Linux jennycloud 5.3.15-300.fc31.x86_64 #1 SMP Thu Dec 5 15:04:01 UTC 2019 x86_64 x86_64 x86_64 GNU/Linux

kinbug stale-issue

Source

pgporada

All 9 comments

So the healthcheck log filled up an used all of your disk space?

rhatdan on 19 Dec 2019

It was a combination of plex metadata and /var/log/messages filling up with that podman message that caused this little server to fill up its disk.

Thank you Dan.

pgporada on 19 Dec 2019

Why do you think this is a podman issue? What could podman have done to prevent it?

rhatdan on 19 Dec 2019

I don't think that podman could have prevented it, but I guess a cleaner error instead of the following might be better?

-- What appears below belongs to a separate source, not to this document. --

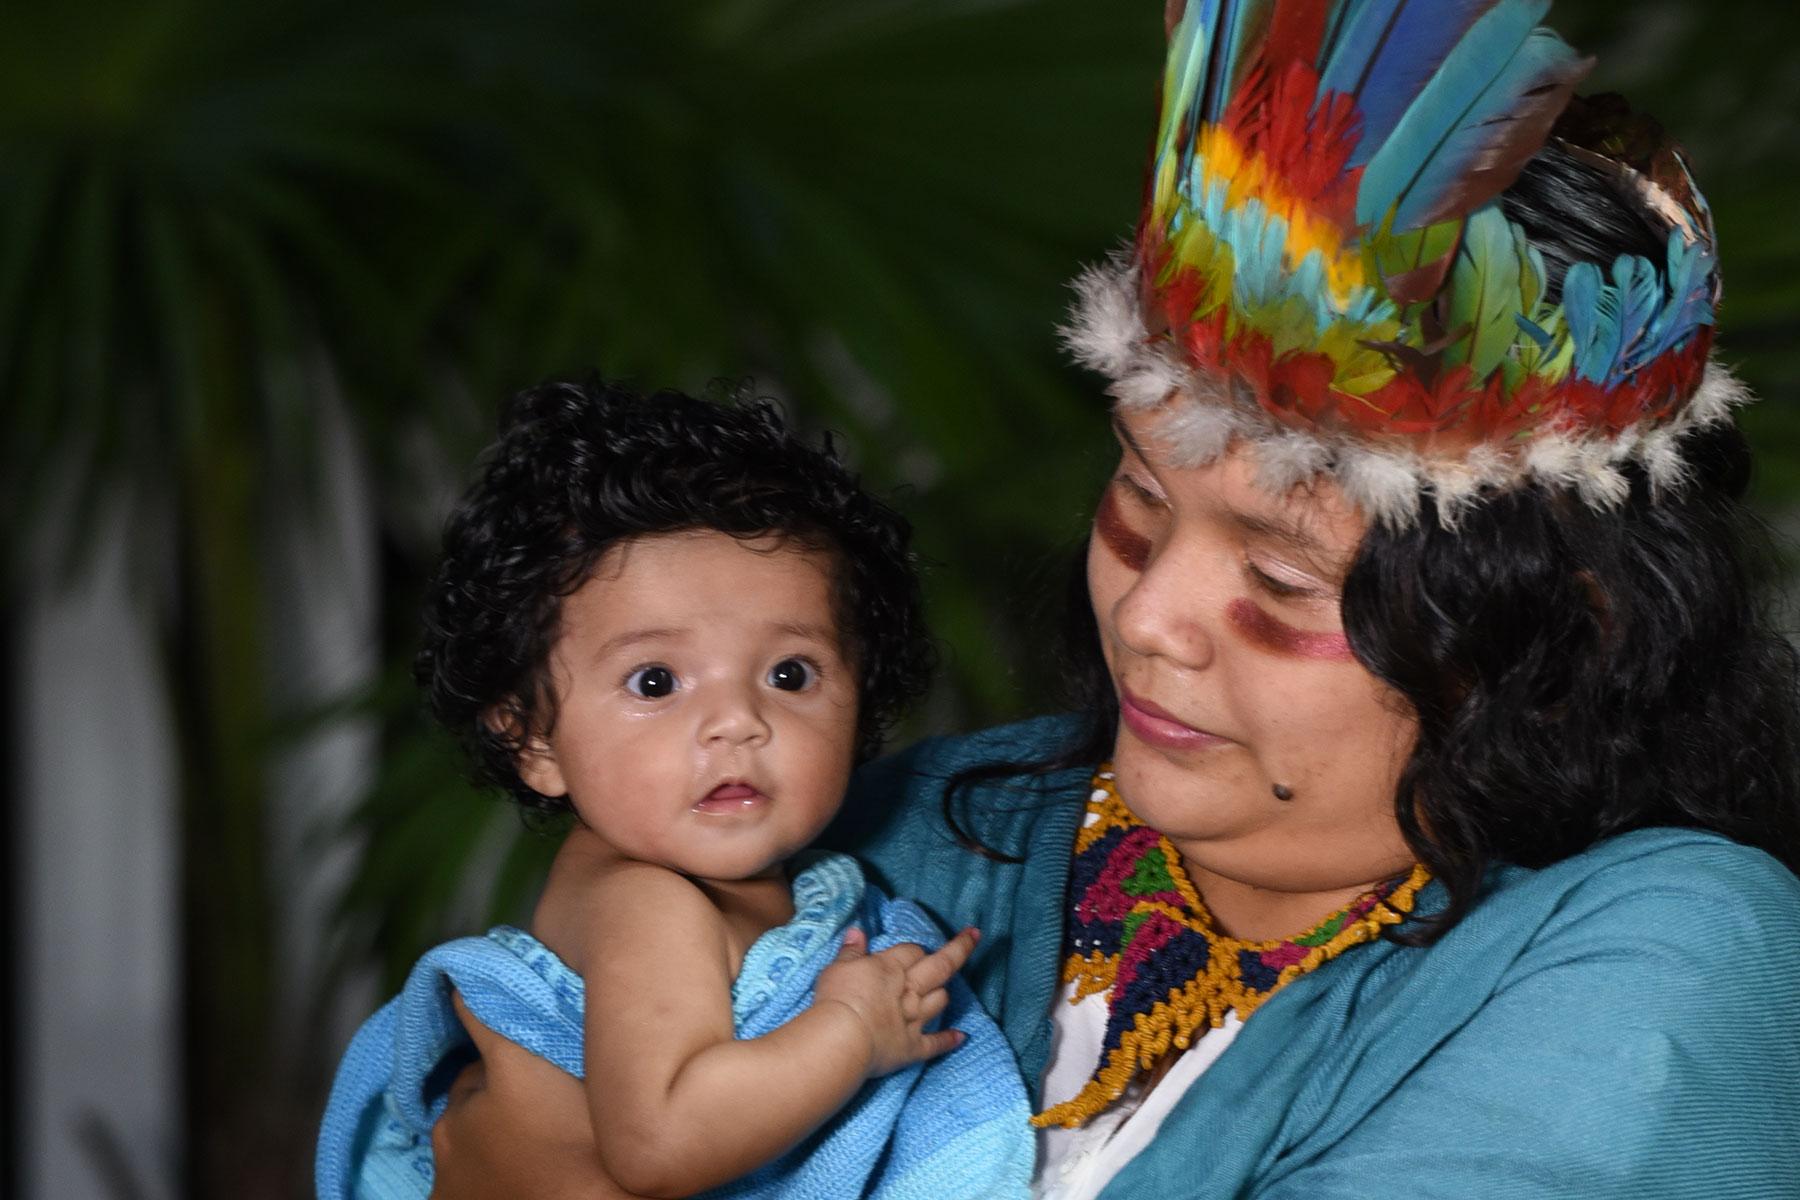 Die diesjährige LWB-Weihnachtskarte zeigt eine indigene Mutter aus Guyana mit ihrem Kind.Foto: Cleveland Bradford/Eclipse Digitalphoto Studio

readObjectStart: expect { or n, but found
 , error found in #0 byte of ...||..., bigger context ...||...

pgporada on 19 Dec 2019

That is what the healthcheck is saying?

rhatdan on 19 Dec 2019

The error comes from here:

if err := json.Unmarshal(b, &healthCheck); err != nil {
        return healthCheck, errors.Wrapf(err, "failed to unmarshal existing healthcheck results in %s", c.healthCheckLogPath())
    }

I suspect that the "last" update to the log fails because it cannot write the full entry and therefore is no longer valid JSON. Upon read, it then throws this error. I don't think we want to specifically check for a full volume here do we? I could add to the error message that this could be a possible problem?

baude on 19 Dec 2019

A friendly reminder that this issue had no activity for 30 days.

github-actions[bot] on 19 Jan 2020

@pgporada are you satisfied with the response? Can we close this issue?

rhatdan on 19 Jan 2020

❤1

I'll take a stab at it and close the issue. Improving this specific error seems like a symptomatic fix to me as we cannot really give any guarantee of a proper/correct behavior if the disk is full. There are so many other commands that would fail in many different ways.